Author: Nadezhda Grebennikova
Translation: Paul E. Richardson
Illustrations/Images by Mikhail Mordasov

Sep/Oct 2016
Page 28   ( 8 pages)

Summary: The 11th International Festival of Landscape Art, Arkhstoyanie, took place on July 23-24 in Kaluga Oblast. We sent Nadezhda Grebennikova and Mikhail Mordasov to take a look.


The road to Europe’s largest land-art park is an adventure in and of itself. We whiz through the first 200 kilometers from Moscow along a perfectly pleasant (by Russian standards) highway. But then we turn off onto a side road and the final 20 kilometers of the route take nearly an hour, our car weaving, dodging, and bouncing over a “road” that is as much asphalt as it is pothole. It looks like Swiss cheese.

But even this road is a godsend, and without it Nikola-Lenivets might have been lost to the world. Instead, despite the challenging terrain, each summer some ten thousand visitors descend on this tiny village, hidden amid the forests and swamps of Kaluga Oblast. The majority of them are coming to see the International Festival of Landscape Design, Arkhstoyanie.

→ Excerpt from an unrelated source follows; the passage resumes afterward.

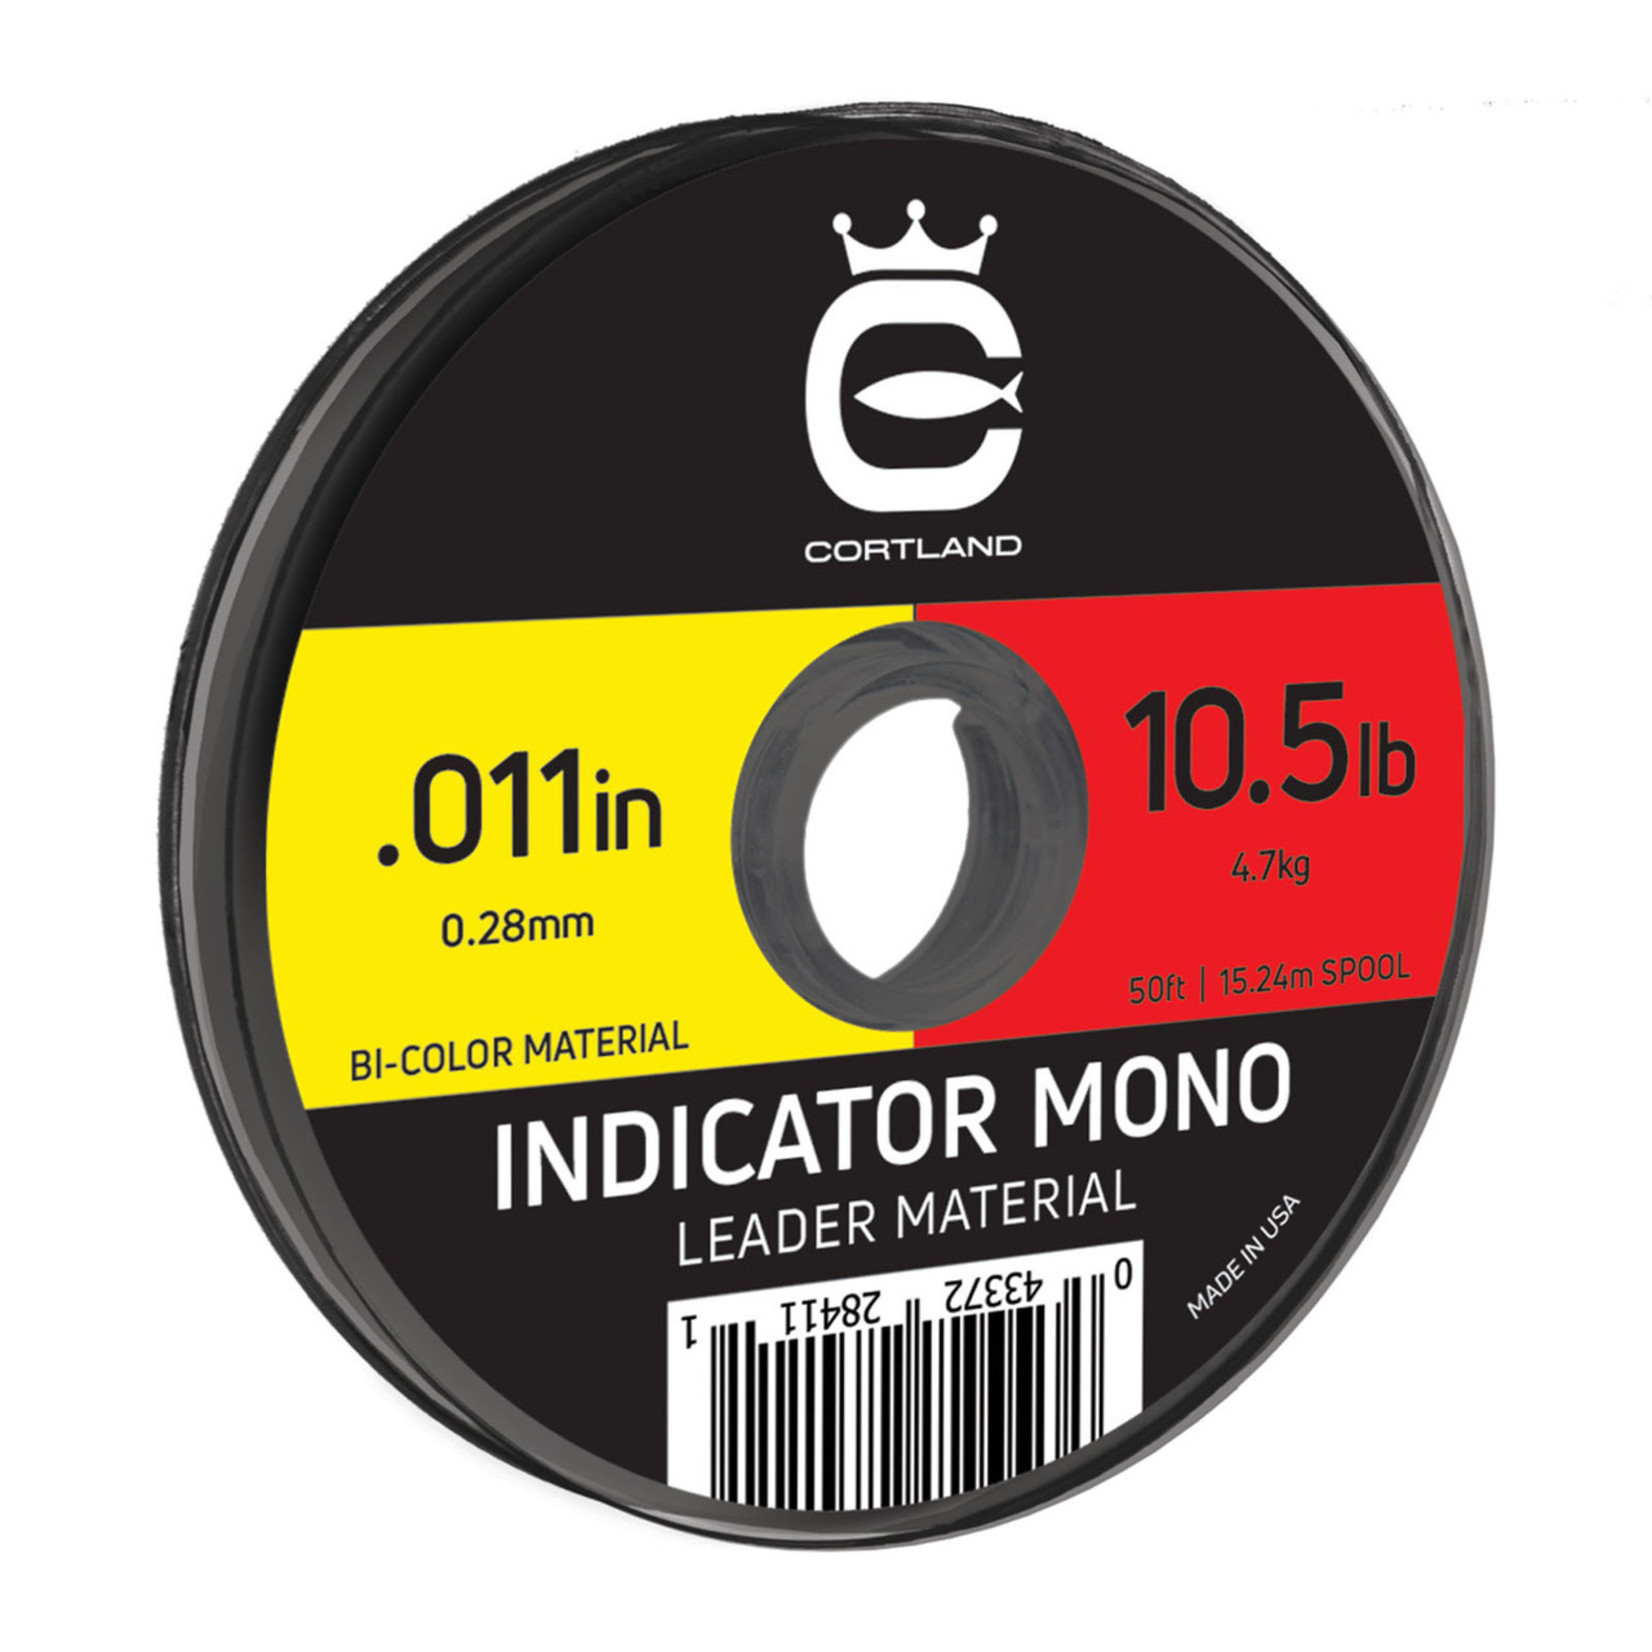 Cortland Cortland Indicator Mono Leader Material Bi-Color Red and Yellow

Our entry point for Arkhstoyanie, to which our little car miraculously hopped its way, is the village of Zvizzhi. The name has a strange resonance even to a Russian ear; it’s not easy to say, even sober. It sounds a bit like the noise a rusty violin makes, or the un-oiled hinge of a heavy gate. Or the cry of a piglet being slaughtered.

There is a legend about the origin of the town’s disharmonious name. Apparently, somewhere near here in 1480 there was a rather significant event: the Great Standoff on the Ugra River.* Mongol troops gathered on one side of the river, Russians on the other. The Mongols were trying to make the point that they expected the prompt payment of tribute. The Russians felt that they had been paying said tribute for 250 years, and that it was time to end that sort of thing.

There was no battle. The troops faced off against one another for several days, exchanging random salvos, then disbursed. It is generally believed that the Russians won the stand-off, helping to bring the Mongol Yoke to an end and paving the way toward their own independent state.

That is where history ends and legend begins. Apparently, during the Standoff, a Russian knight on the high banks of the river used his sword to slowly execute a pig, from which resounded such a horrendous squeal that it put the fear of God into the enemy. And it was this sound that gave rise to the name Zvizzhi.